There were plenty of troubles. In Elizabeth’s first years on the throne, Princess Margaret provoked a national controversy through her romance with a divorced man.

In what the queen called the “annus horribilis” of 1992, Princess Anne was divorced, Prince Charles and Princess Diana separated, and so did Prince Andrew and his wife, Sarah. That was also the year Windsor Castle was seriously damaged by fire.

The public split of Charles and Diana was followed by the shock of her death in a Paris car crash in 1997. For once, the queen appeared out of step amid unprecedented public mourning, failing to make a public show of grief that was seen by many as unfeeling. After several days, she made a televised address to the nation.

The dent in her popularity was brief. She was by now a sort of national grandmother, with a stern gaze and a kind smile.

She was arguably the most famous person in the world. But her inner life and opinions remained mostly an enigma. The public saw only glimpses of her personality — her joy watching horse races at Royal Ascot, or her pleasure in the companionship of her beloved Welsh corgi dogs.

In 2015, she overtook her great-great-grandmother Queen Victoria’s reign of 63 years, seven months and two days to become the longest serving monarch in British history, and she kept working into her 10th decade. The loss of Philip at age 99 in 2021 was a heavy blow.

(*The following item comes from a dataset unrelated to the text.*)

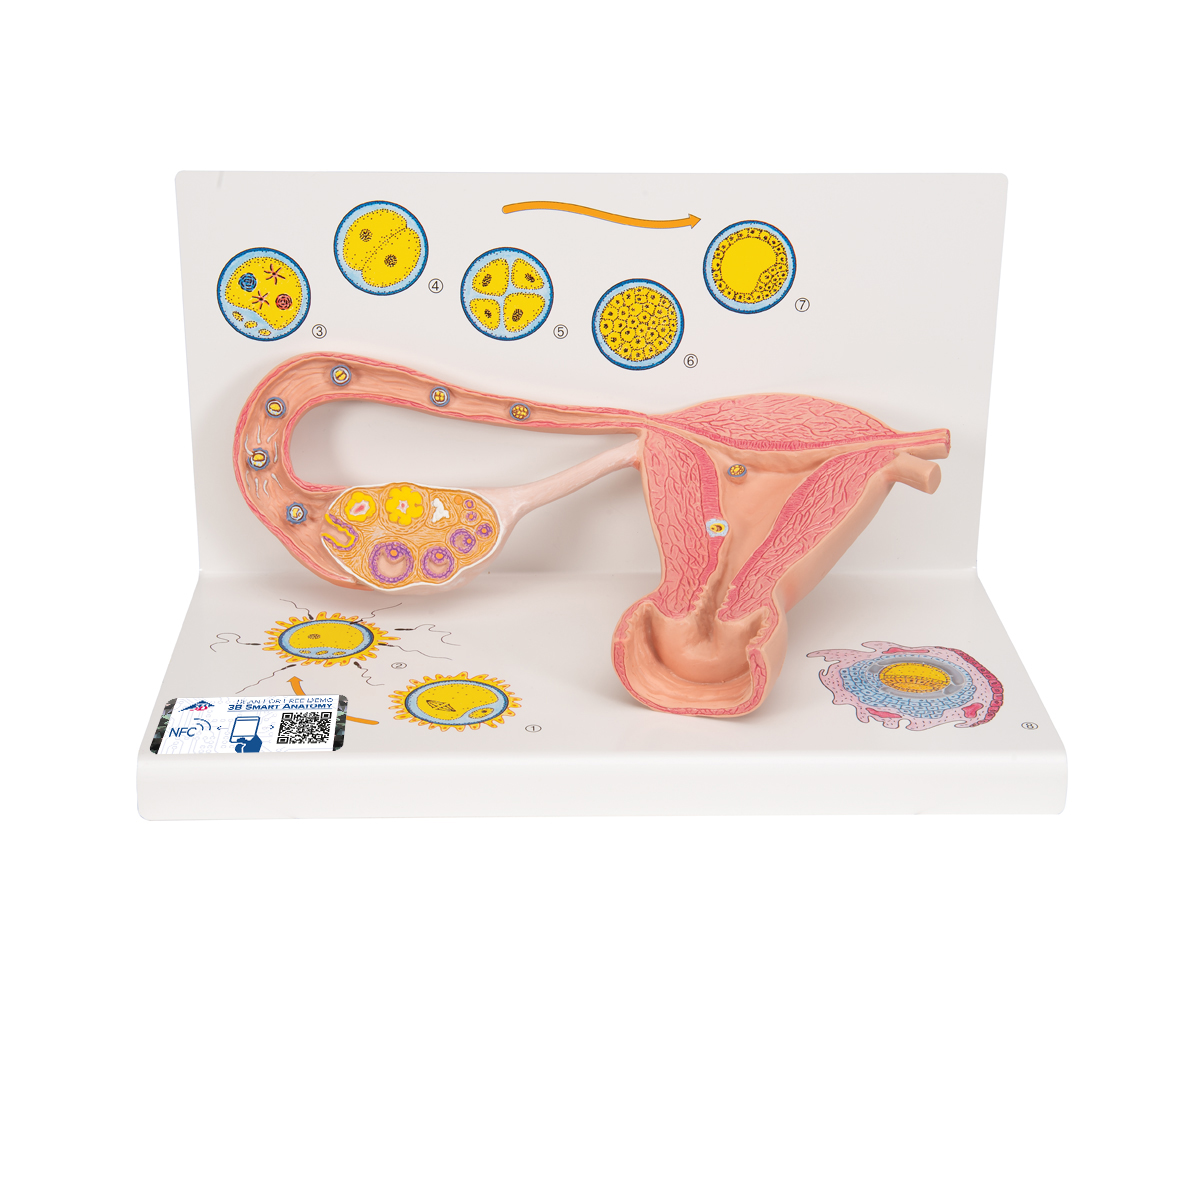 Ovare cu trompe uterine - prezentare stagii de fertilizare, material didactic biologie

And the family troubles kept coming. Her son, Prince Andrew, was entangled in the sordid tale of sex offender Jeffrey Epstein, an American businessman who had been a friend. The queen’s grandson Prince Harry walked away from Britain and royal duties after marrying American actress Meghan Markle in 2018.

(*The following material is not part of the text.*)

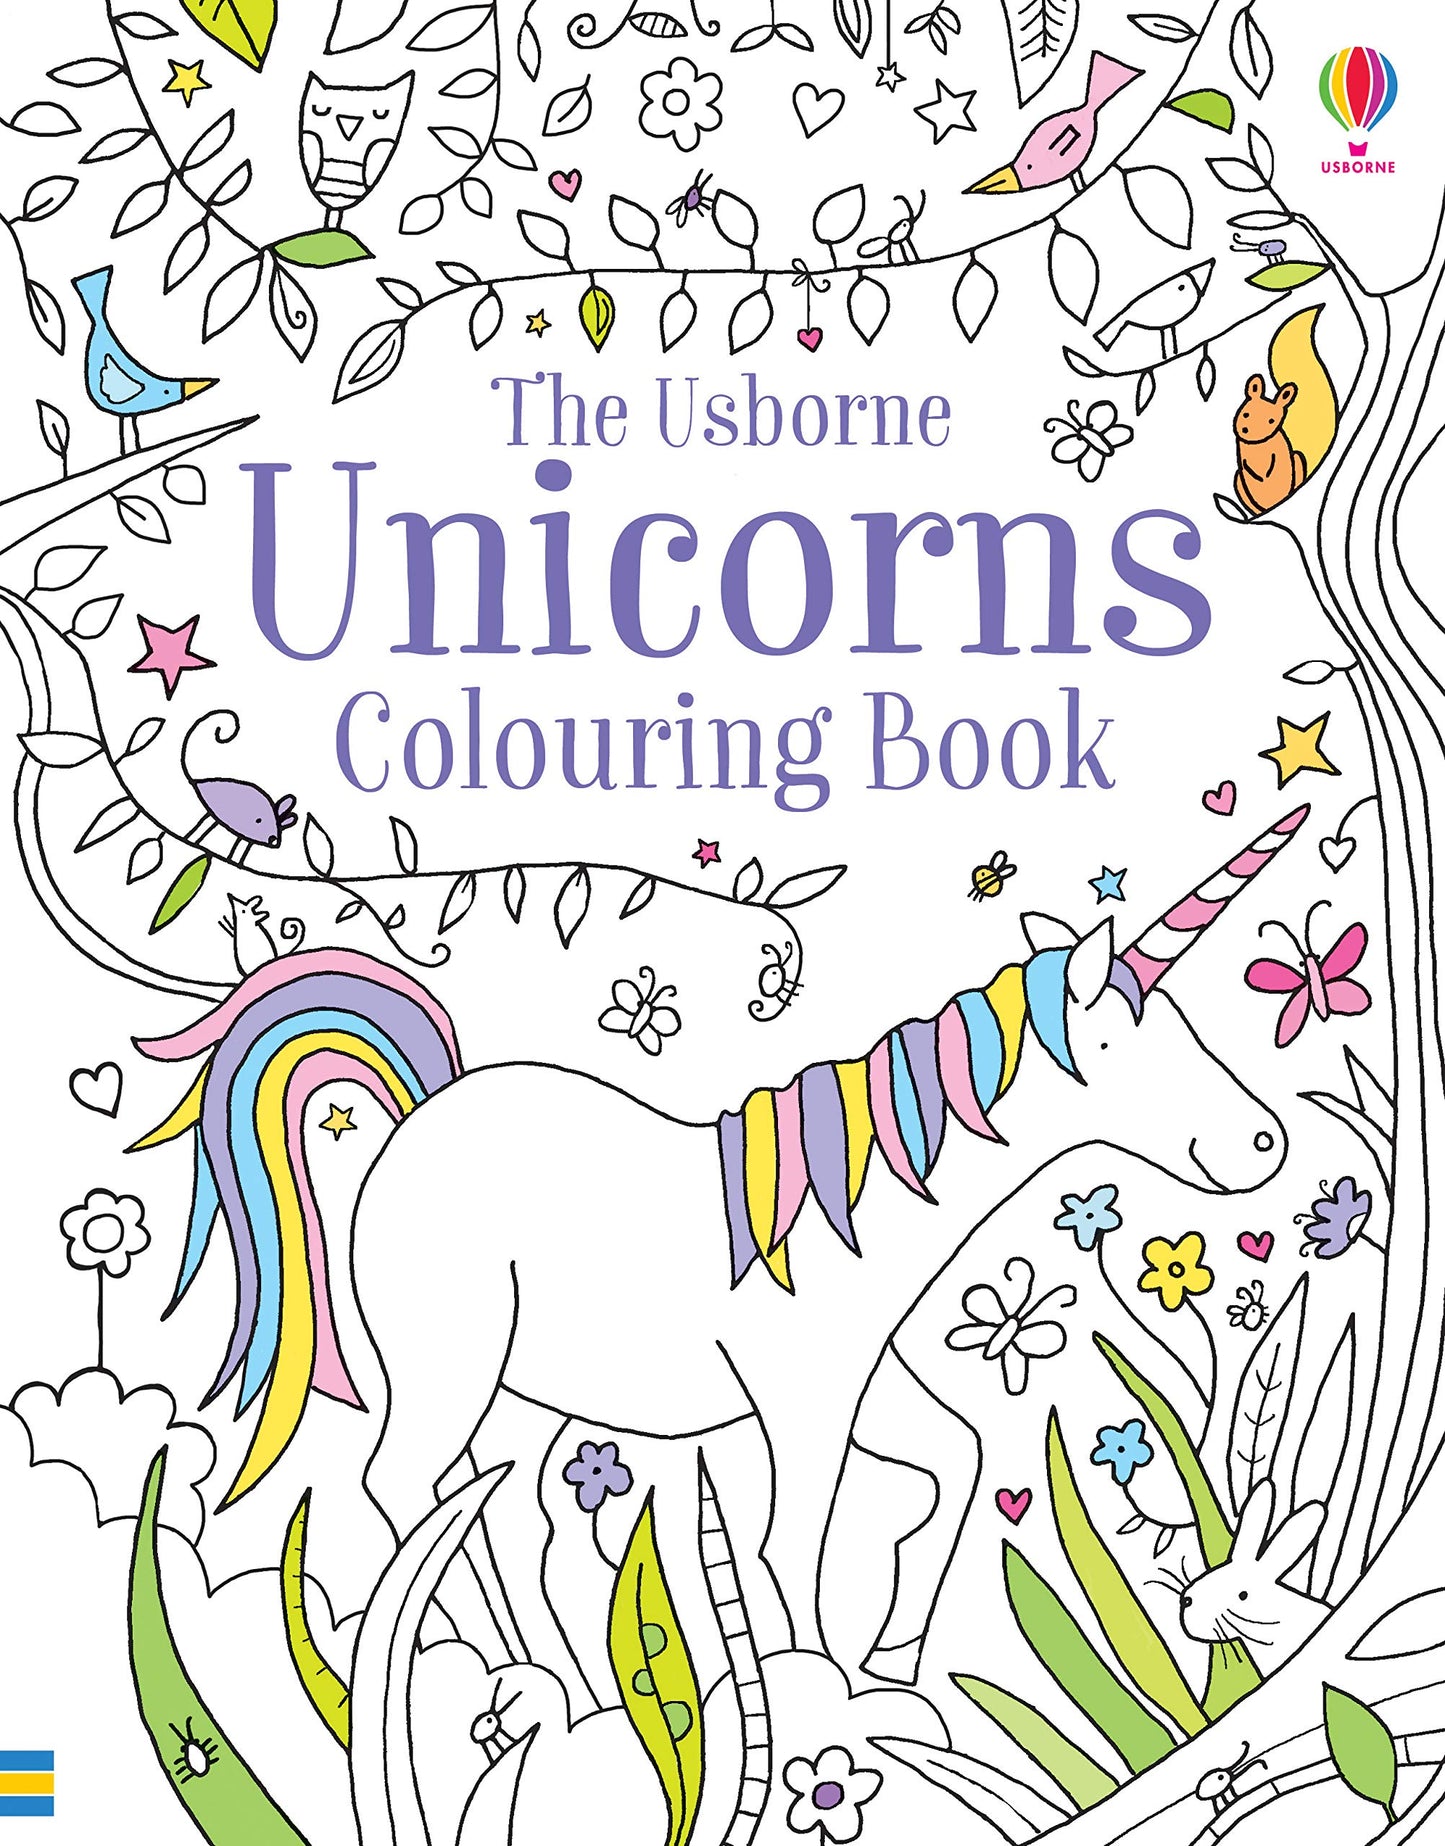 Unicorn Colouring Book

As the queen entered her mid-90s, she had what the palace called “mobility issues” and she appeared infrequently in public this year as she marked her Platinum Jubilee. In May, she asked Charles to stand in for her at the State Opening of Parliament, one of the monarch’s key constitutional duties.

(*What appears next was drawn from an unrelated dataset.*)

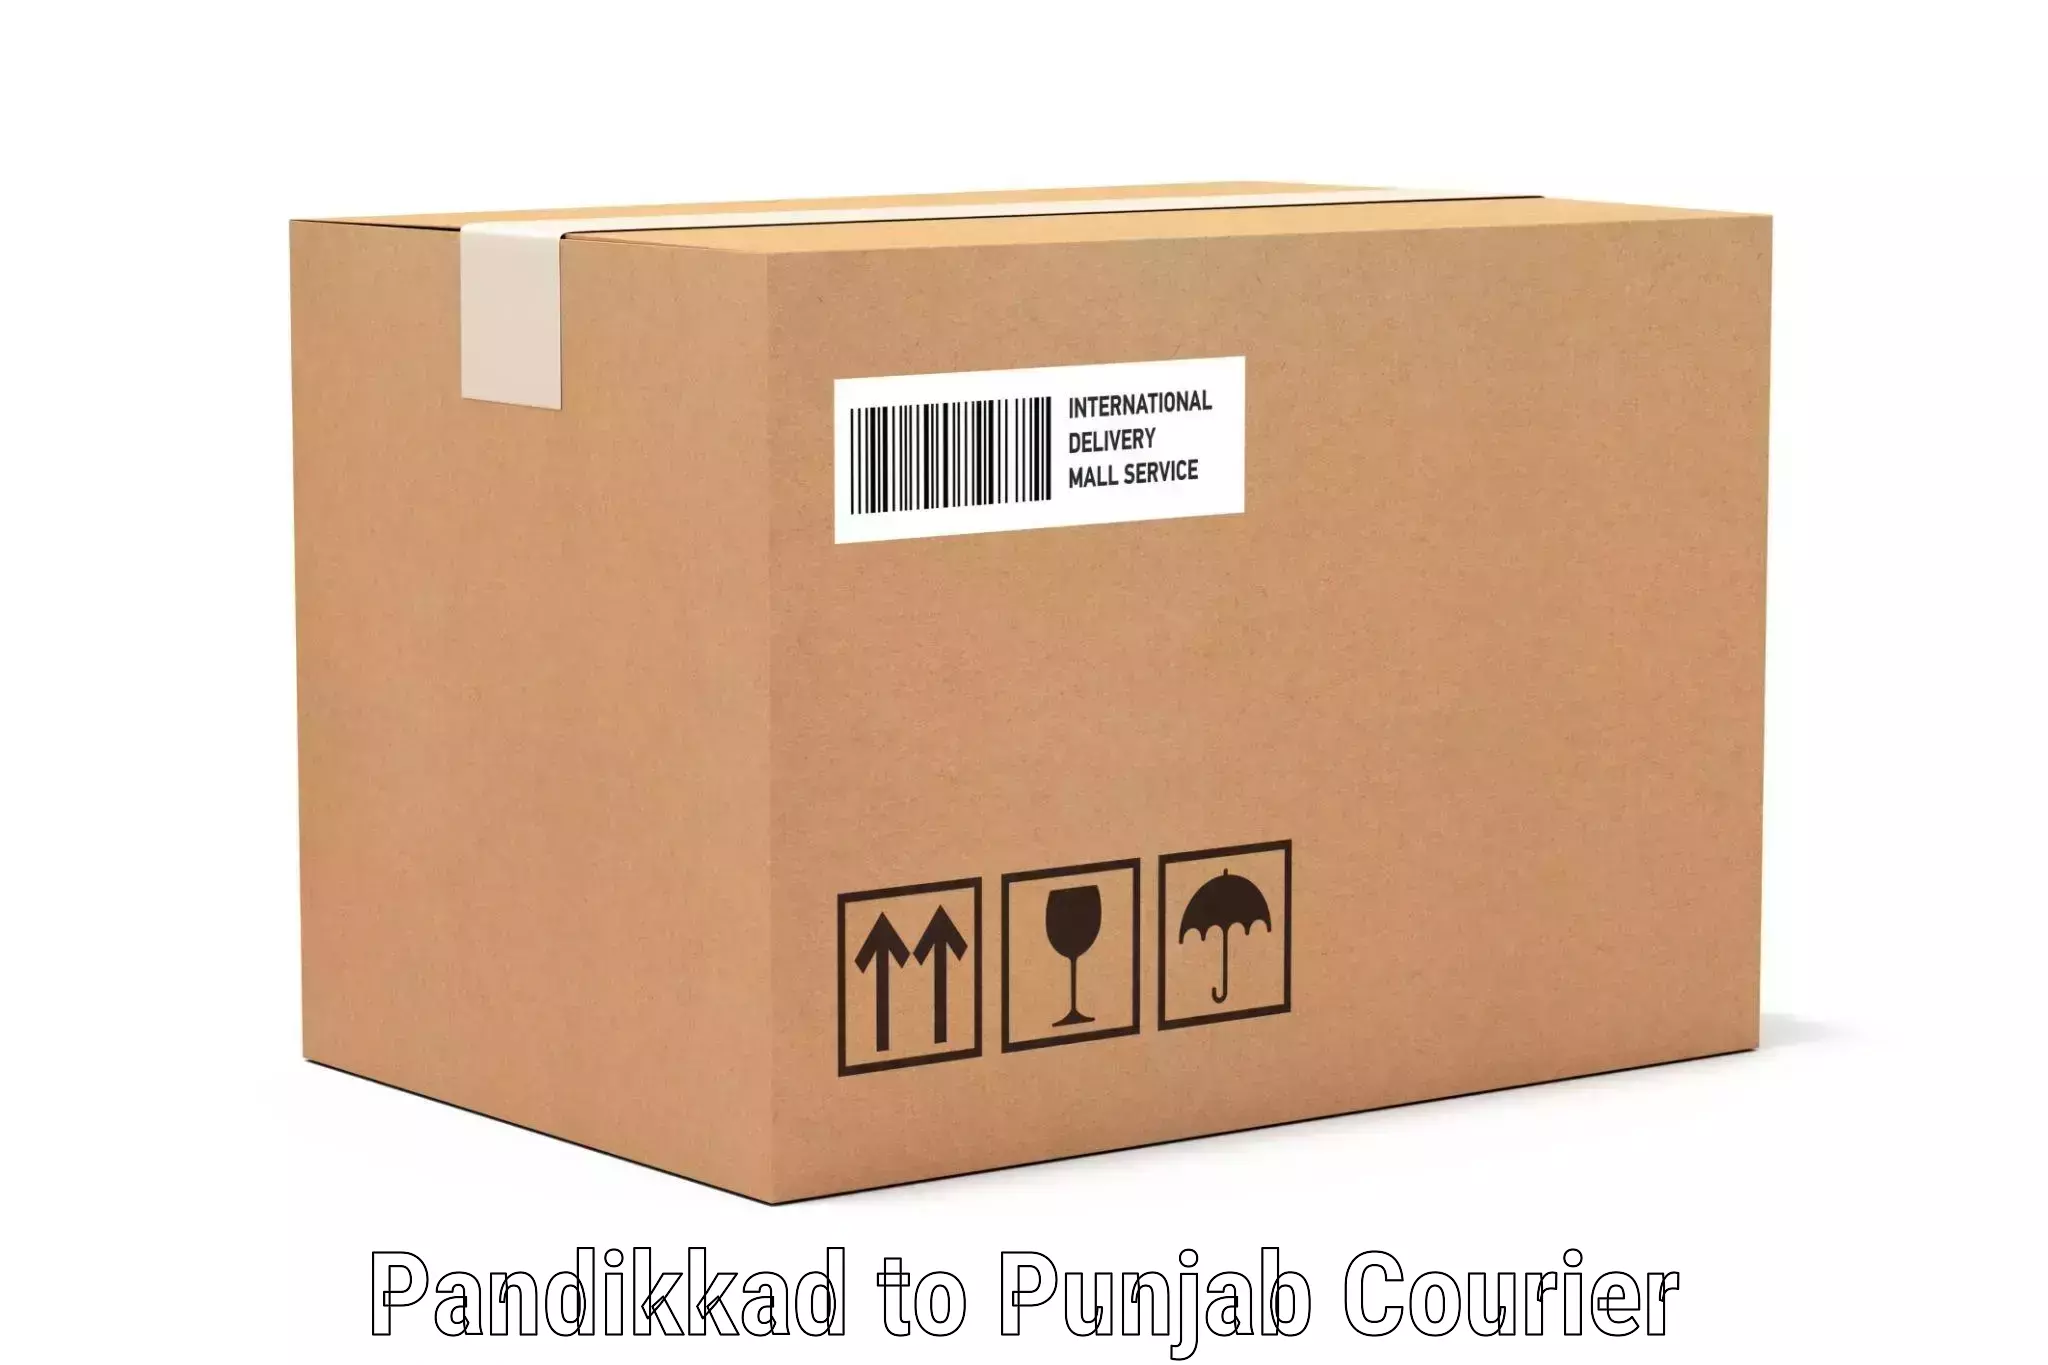 Baggage relocation service Pandikkad to Punjab

But she remained firmly in control of the monarchy. On Sept. 6, she presided at a ceremony at Balmoral Castle to accept the resignation of Boris Johnson as prime minister and appoint Truss as his successor.

She remained at the center of public life to the end. As Britons endured loss, isolation and uncertainty during the coronavirus pandemic, she made a rare video address in 2020 that urged people to stick together.

She summoned the spirit of World War II, that vital time in her life, and the nation’s, and echoed Vera Lynn’s wartime anthem, “We’ll Meet Again.”

“We should take comfort that while we may have more still to endure, better days will return. We will be with our friends again. We will be with our families again. We will meet again,” she said.

Associated Press writers Gregory Katz and Robert Barr contributed material before their deaths.